3. Return to starting position and repeat, completing the appropriate rep and set
range for your personal strength goals.
- Use a barbell, dumbbell, kettlebell, cable pulley or resistance band.
- Perform with both arms simultaneously or one arm at a time.
- Starting position of the lower body can be from standing, a gentle knee bend
or squatted.
- To progress this exercise incorperate an explosive heel raise at the end of the
lift.
- Ensure that proper form is mastered and base strength is achieved before
increasing the weight or progressing the exercise.
Front Raise:
1. Grasp the weight with an overhand hand grip and let the arm hang
in front or at the side of the thigh.
2. Lift the weight up, and to the front, until the hands are in line with
the shoulder (no higher). Aim to keep the arms fairly straight but not
locked at the elbow. Keep the core tight and spine neutral.
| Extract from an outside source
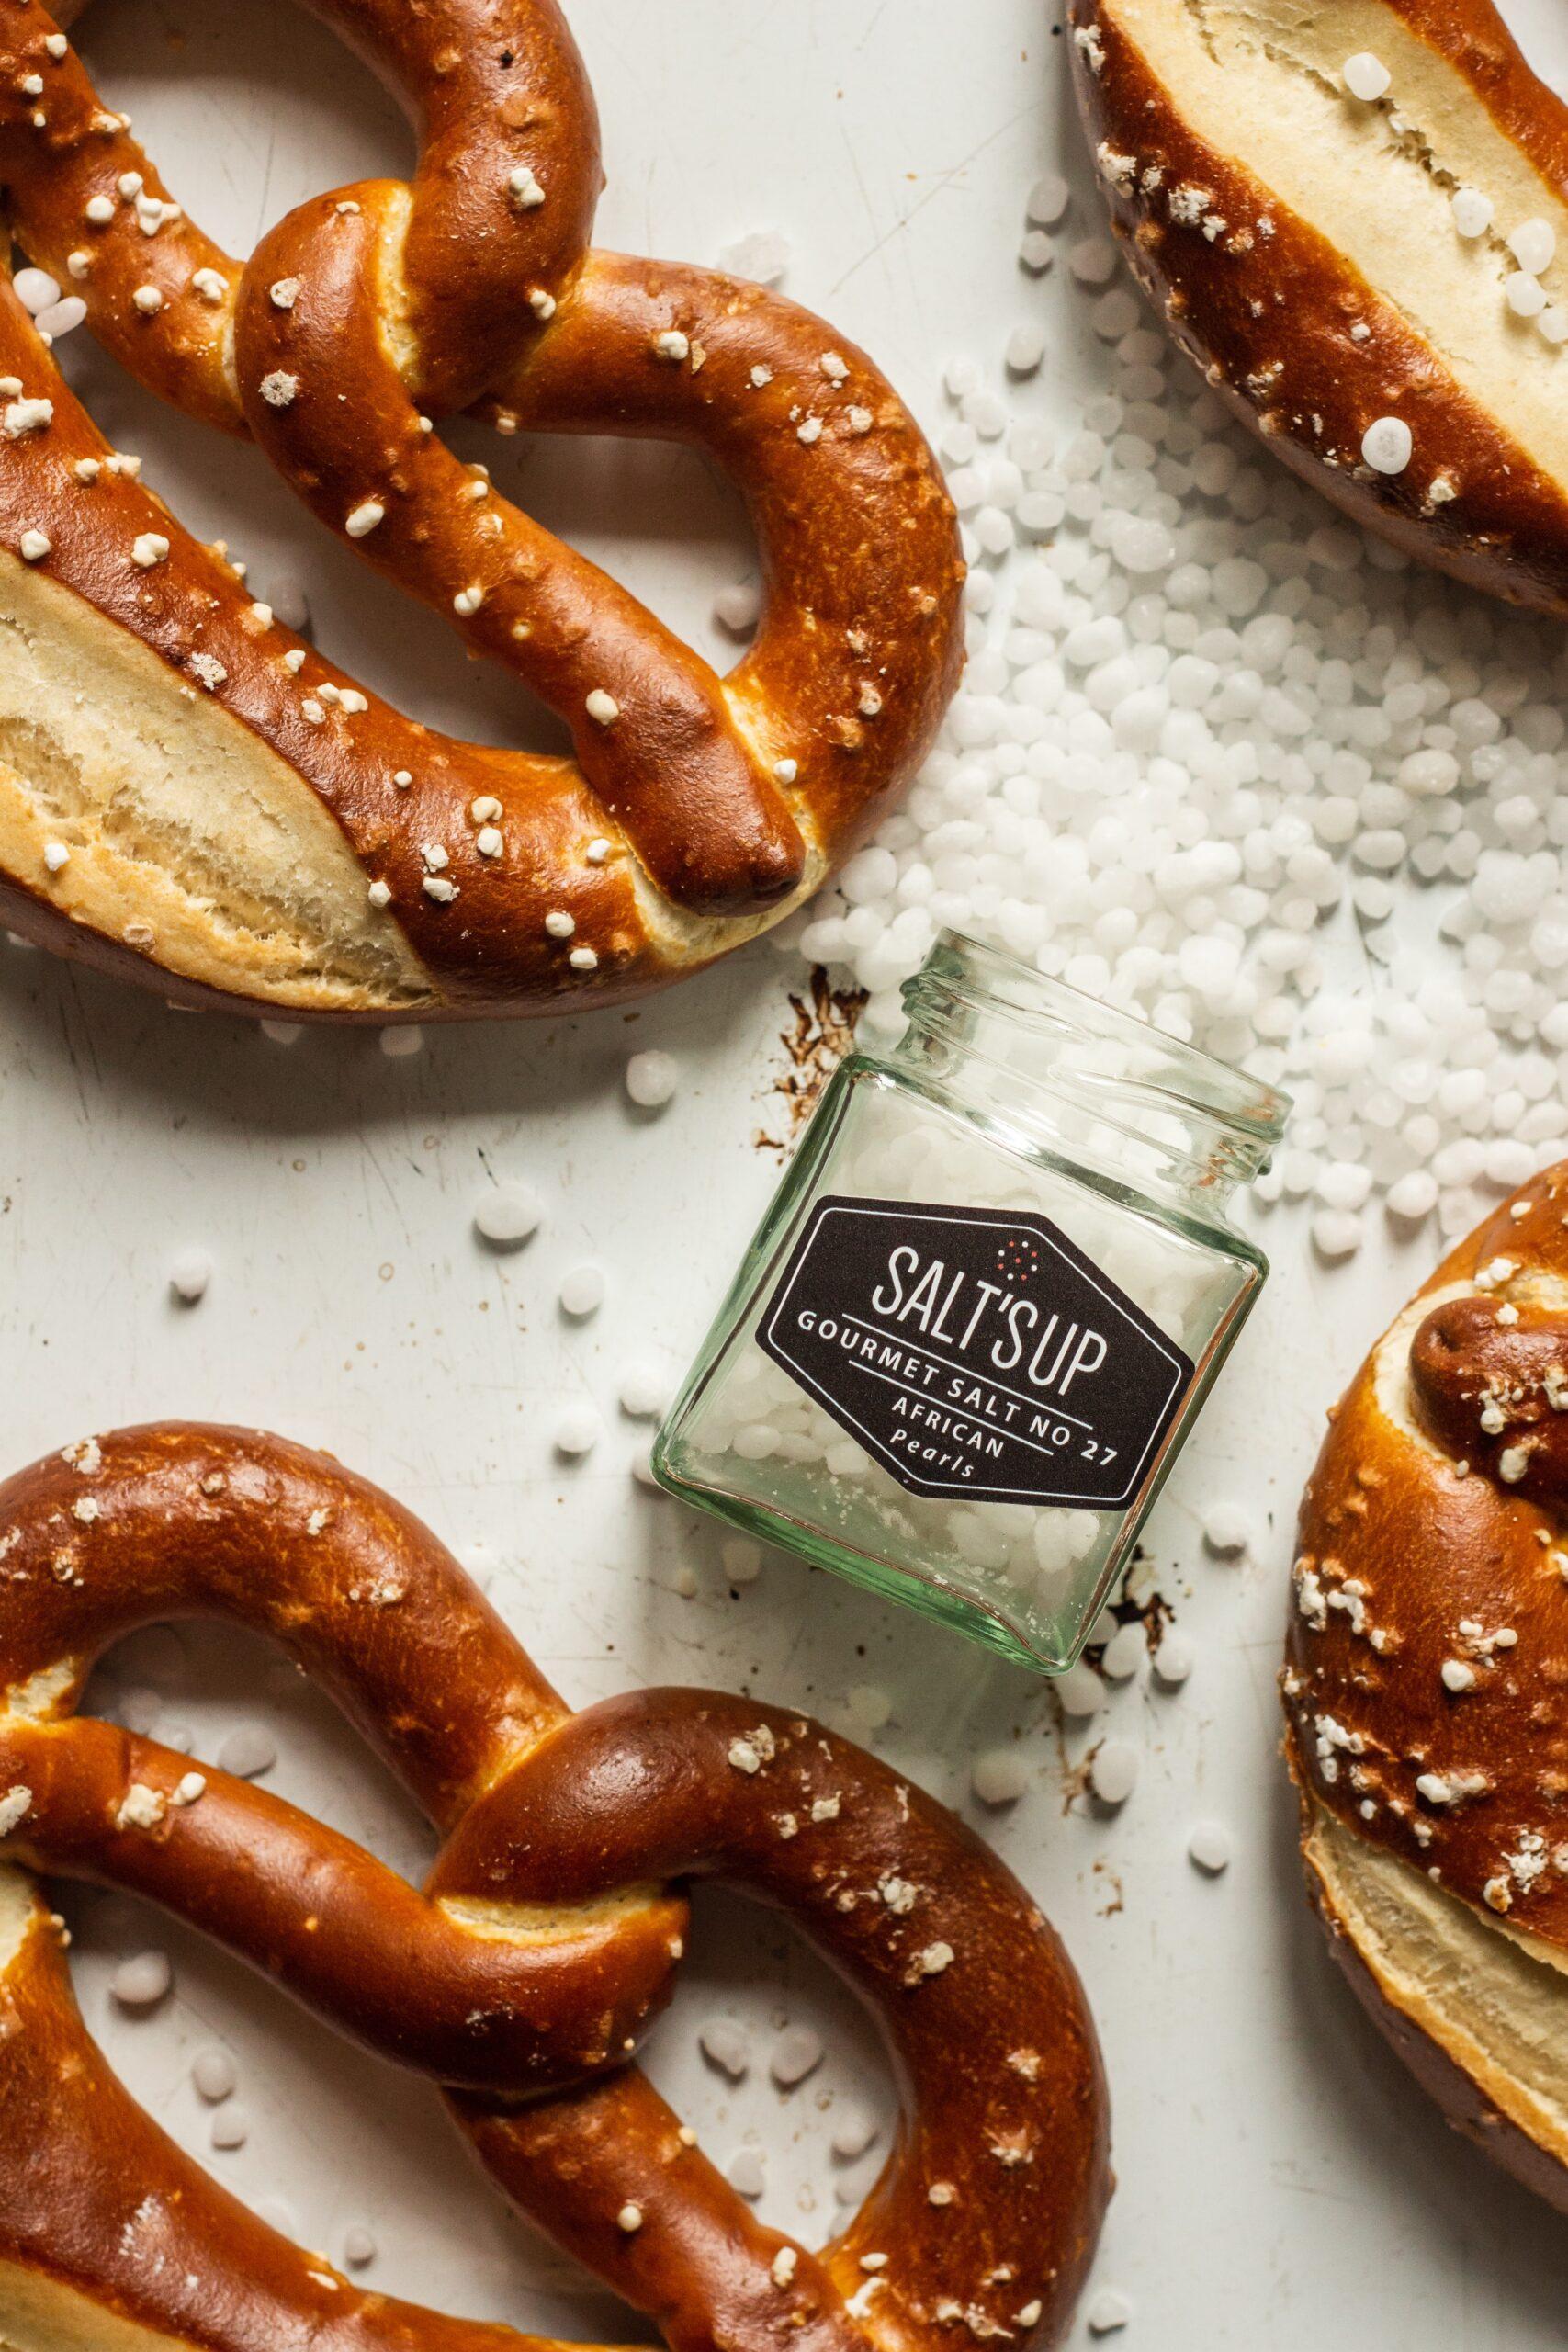 Eat2Gather w-EET-je waarom zout morsen ongeluk brengt?
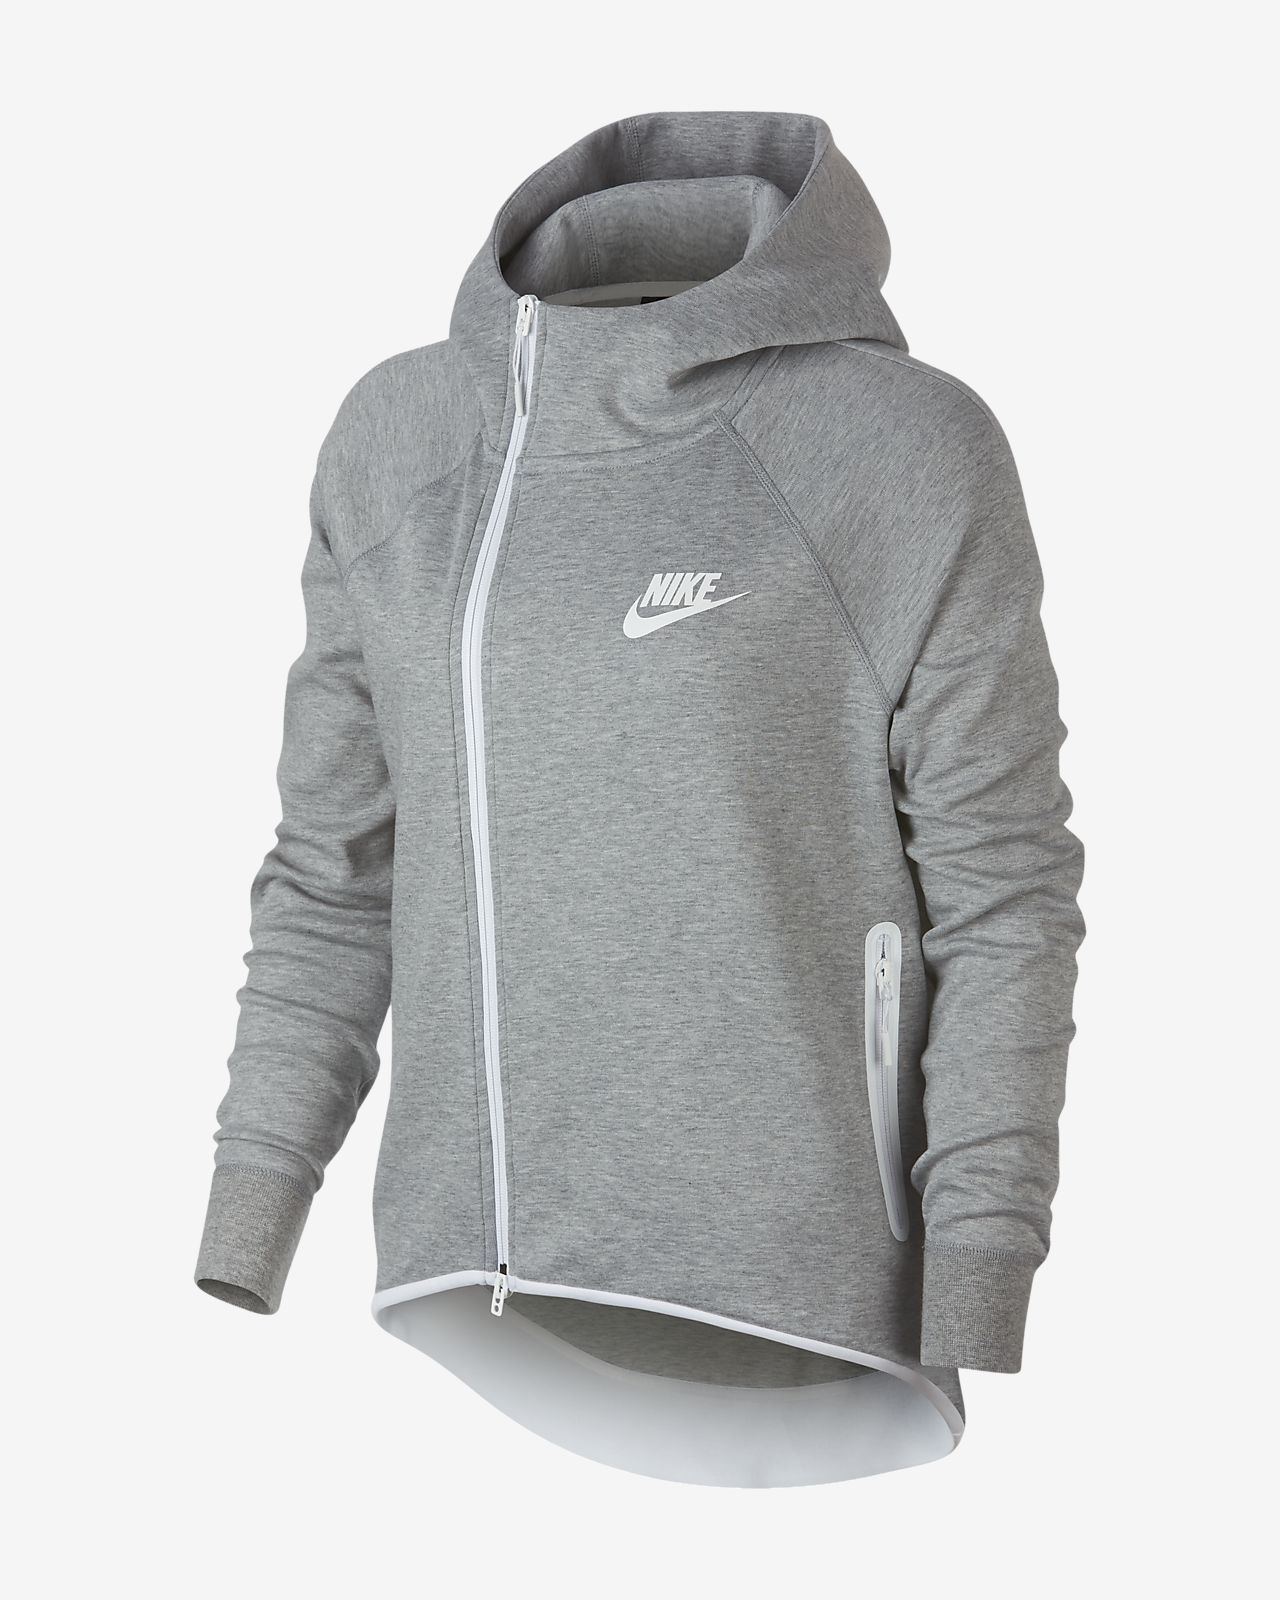 Nike Sportswear Tech Fleece Damen Poncho mit durchgehendem Reißverschluss

Do not
bend the back to create force for the lift.
3. Return to starting position and repeat, completing the appropriate
rep and set range for your personal strength goals.
- Use a barbell, dumbbells, kettlebells, cable pulley or resistance
band.
- Perform with both arms simultaneously or one arm at a time.
Side Raise:
1. Grasp the weights with an overhand hand grip and let them hang at
the side of the thigh.
2. With palms down, lift the weight out to the side, until the hands are
in line with the shoulder (no higher). Aim to keep the arms straight
(not locked) or slightly bent. Keep the core tight and spine neutral.
3. Return to starting position and repeat, completing the appropriate
rep and set range for your personal strength goals.
- Use dumbbells, kettlebells, a cable pulley or resistance band.
- Perform with both arms simultaneously or one arm at a time.
Rear fly:
1. Bend the knees and hinge forward at the hip. Grasp the weight with
palms facing each other and arms hanging below the shoulders.
2. Lift the weight up and out to the side, until the hands are in line
with the shoulder. Keep the head up, shoulders back, spine neutral and
core tight. Arms should be straight (not locked) or slightly bent.
3. Return to starting position and repeat, completing the appropriate
rep and set range for your personal strength goals.
- Use a dumbbells, kettlebells or a resistance band.
- Perform with both arms simultaneously or one arm at a time.
- Perform seated or, to avoid unsupported forward flexion, rest the
chest on a bench (lying or incline).